## Exercise prompt
From the listing below, retype exactly the line holding "Love #timetravel #romance", the line holding "Get started on it TODAY ➞ bit.ly/4dgZS95", and the lines between them; skip everything else.

-------- Data shown

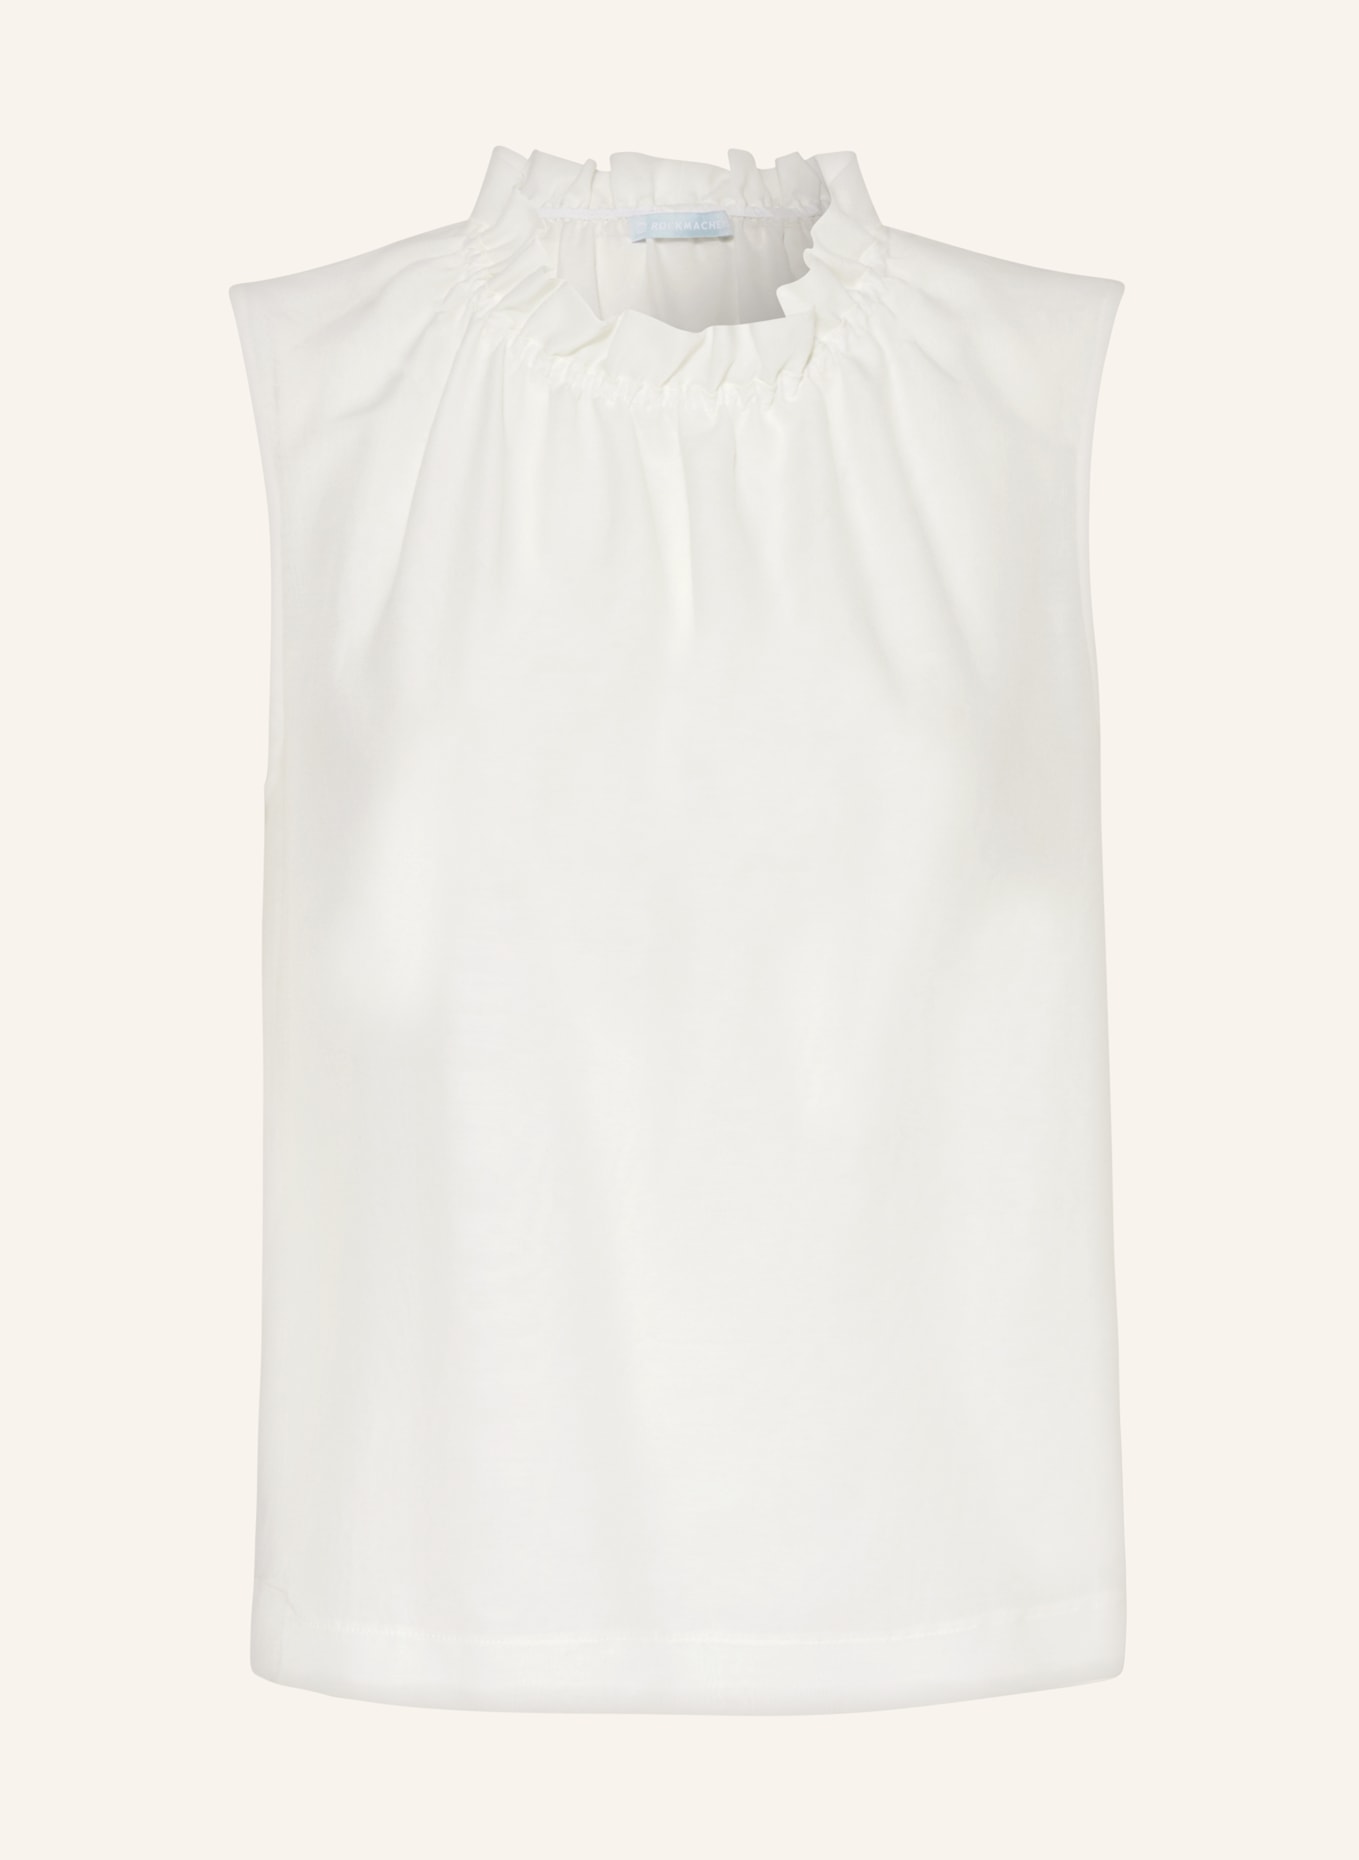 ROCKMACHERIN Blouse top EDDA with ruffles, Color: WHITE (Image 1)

----------------
-------- Data shown

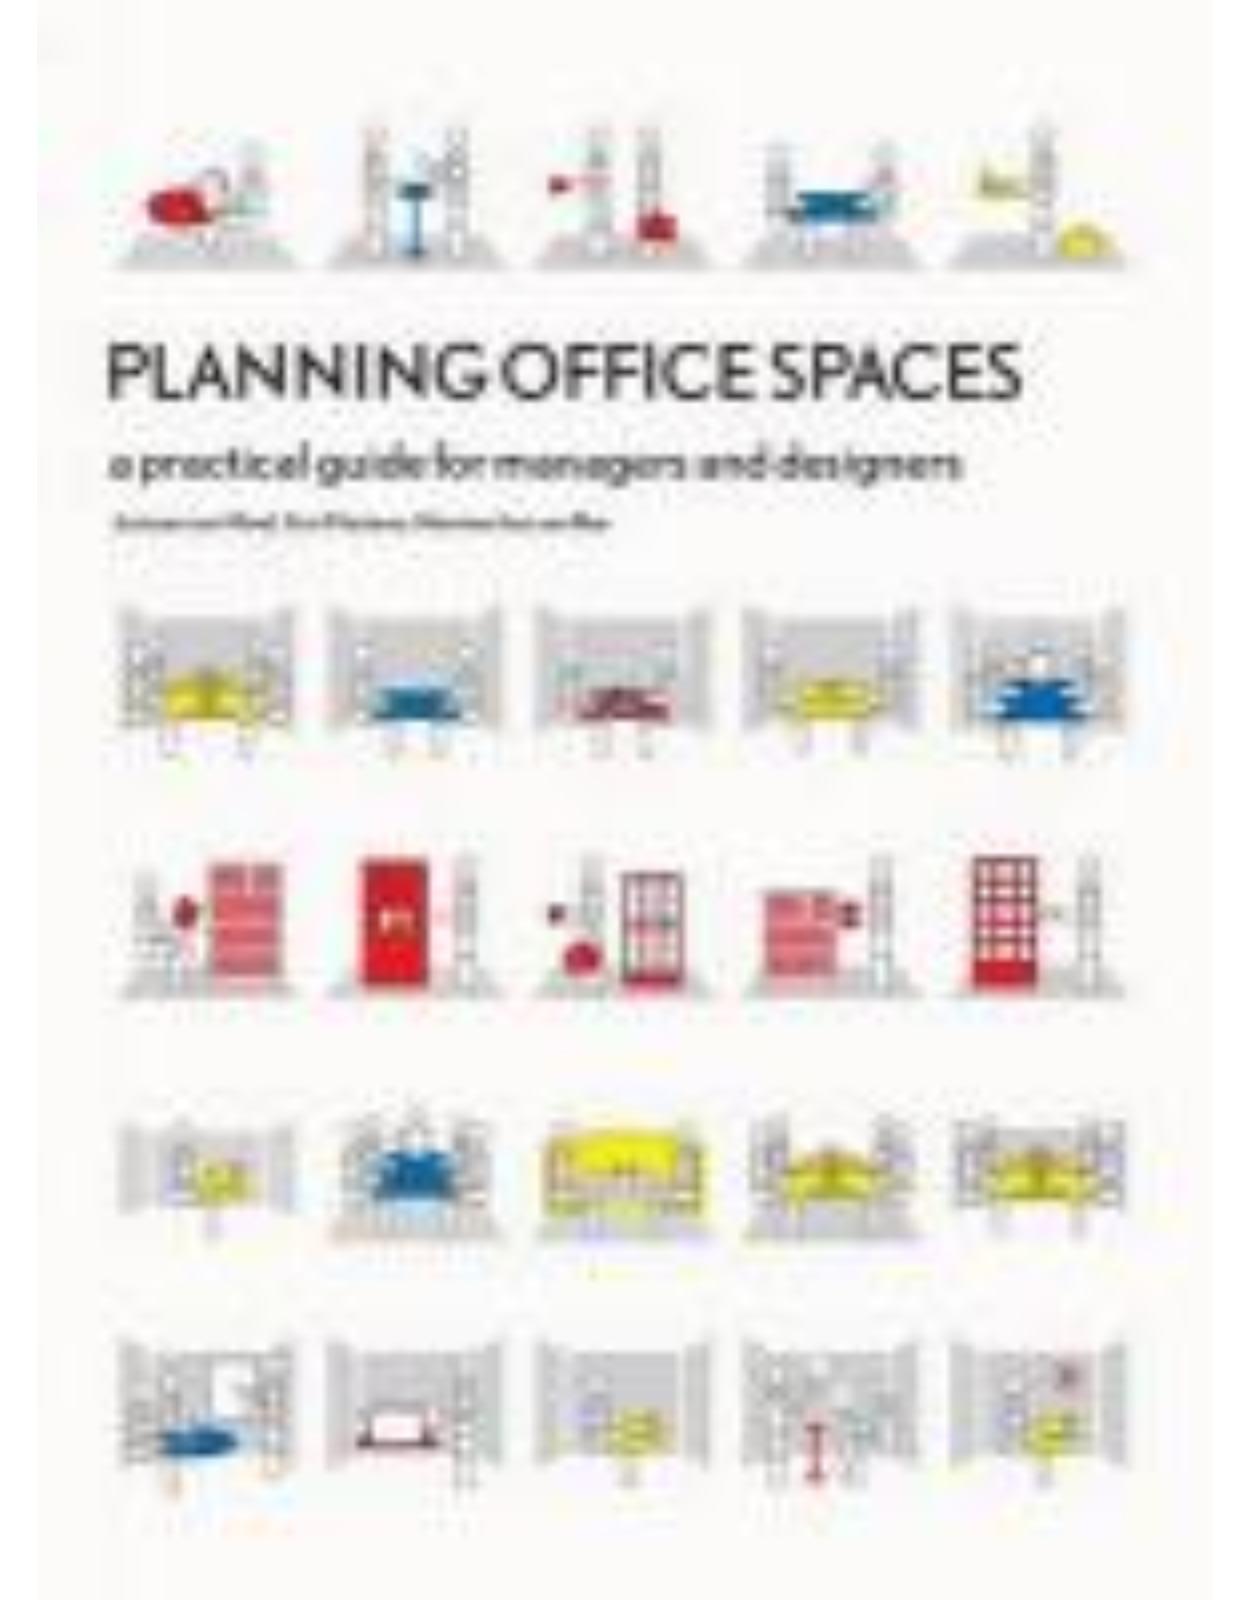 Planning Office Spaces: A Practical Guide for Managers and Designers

----------------
-------- Data shown

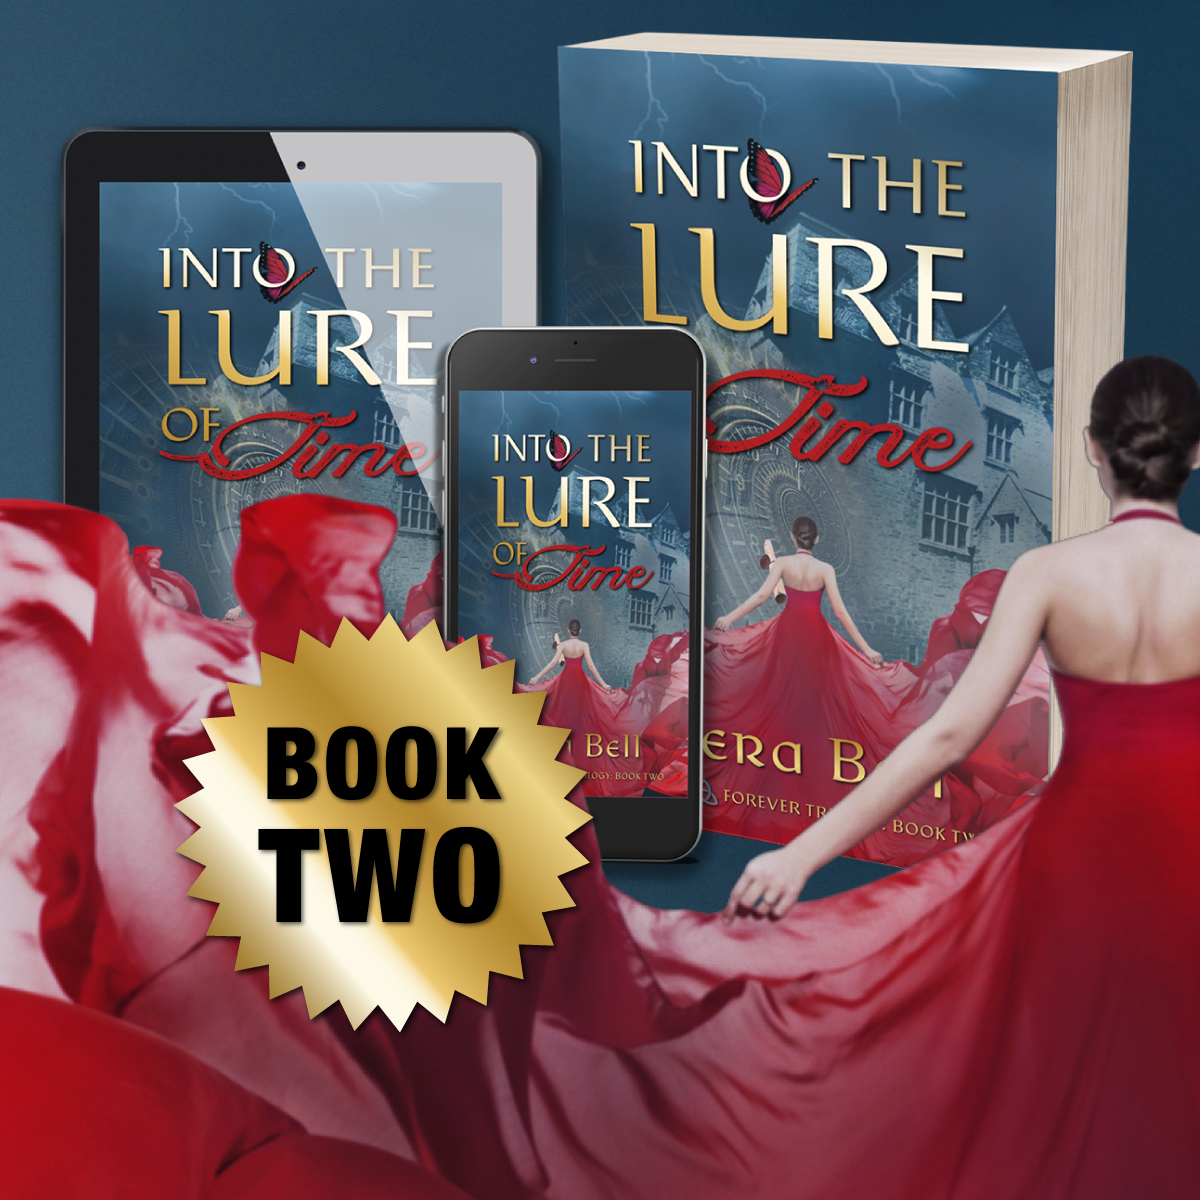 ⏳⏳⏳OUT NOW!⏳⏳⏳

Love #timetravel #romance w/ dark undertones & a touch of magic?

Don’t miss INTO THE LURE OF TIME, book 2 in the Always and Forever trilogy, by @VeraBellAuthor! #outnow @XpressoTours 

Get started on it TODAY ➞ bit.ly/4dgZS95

----------------

## Result
Love #timetravel #romance w/ dark undertones & a touch of magic?

Don’t miss INTO THE LURE OF TIME, book 2 in the Always and Forever trilogy, by @VeraBellAuthor! #outnow @XpressoTours 

Get started on it TODAY ➞ bit.ly/4dgZS95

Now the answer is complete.